Caroline pressed her cheek to Carrie’s forehead, stroking her back as she shrieked. Carrie’s skin felt loose, a garment too big for her spindly frame. At the touch of those tender wrinkles, a tremor rose up out of Caroline’s chest. A feeble sob, or a last rattle of fever, she could not tell. The baby’s cries were so penetrating, Caroline felt as though she were dissolving into them. “Poor thing,” she said.
“You’ll be squalling yourself unless you drain some of your milk,” Mrs. Scott remarked. “It’s a wonder you haven’t already come down with a case of bad breast on top of everything else. My sister-in-law uses cabbage leaves to take the swelling down, but there won’t be a cabbage in these parts for another month at least.”
Anger crackled between Caroline’s ribs so abruptly, she gasped at its sudden sharp heat. To lack something so simple as a cabbage! The baby would never have suffered so if they’d been struck with fever and ague in Wisconsin. None of them would, not with Henry and Polly so near.

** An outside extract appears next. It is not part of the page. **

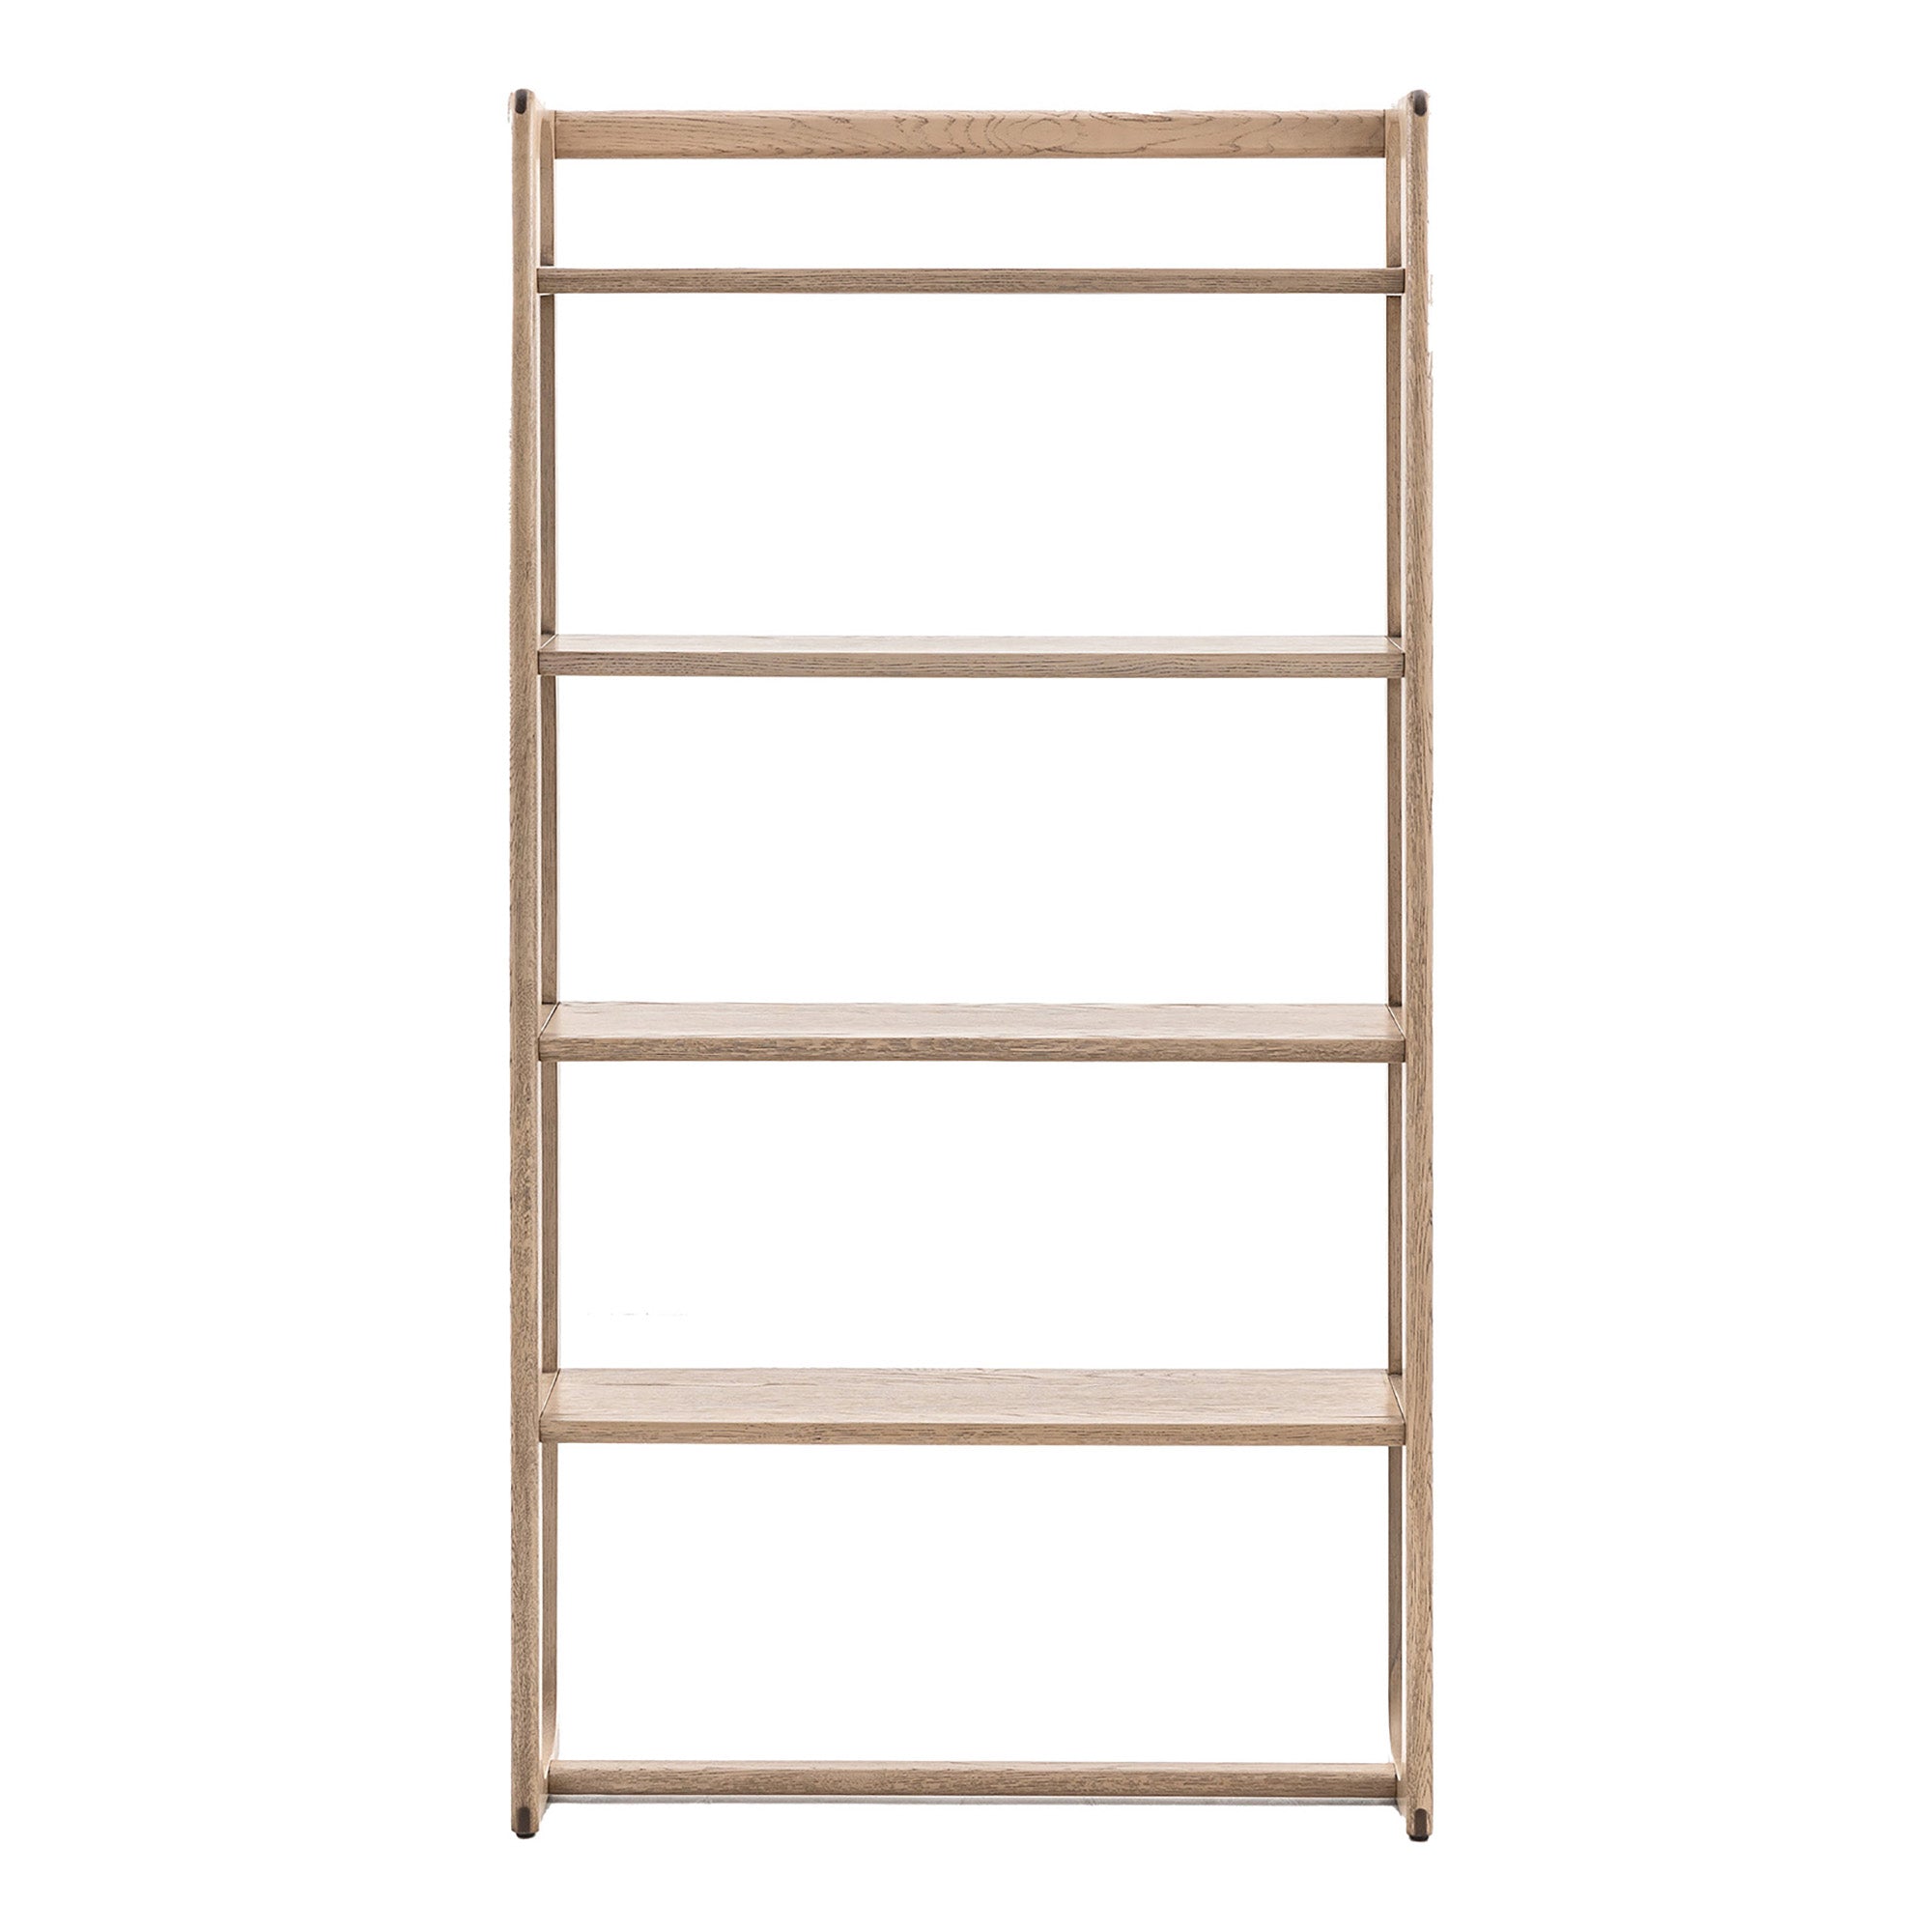 The Finest Wooden Shelving Unit

“Why, Mrs. Ingalls!” Mrs. Scott exclaimed. “You look feverish all over again.”
“It’s only—” Caroline stopped and shook her head. She could not lie, any more than she could tell the truth. “It’s too much,” she managed. “Everything.” She looked helplessly down at Carrie, then at Mrs. Scott, ashamed to ask aloud for her to take the baby back again. But there was not one thing Caroline could do for her daughter.

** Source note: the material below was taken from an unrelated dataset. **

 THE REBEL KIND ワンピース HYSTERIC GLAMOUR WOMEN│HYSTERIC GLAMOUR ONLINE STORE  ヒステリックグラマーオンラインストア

Mrs. Scott understood what she wanted, if not why she wanted it, and scooped Carrie up. “I’m not surprised,” she said over Carrie’s screams. She gave Caroline’s elbow a knowing squeeze. “I saved back some of the cream for her, just in case. Don’t you waste your strength worrying.” Caroline nodded dumbly, aware only that her milk had become unspeakably bitter.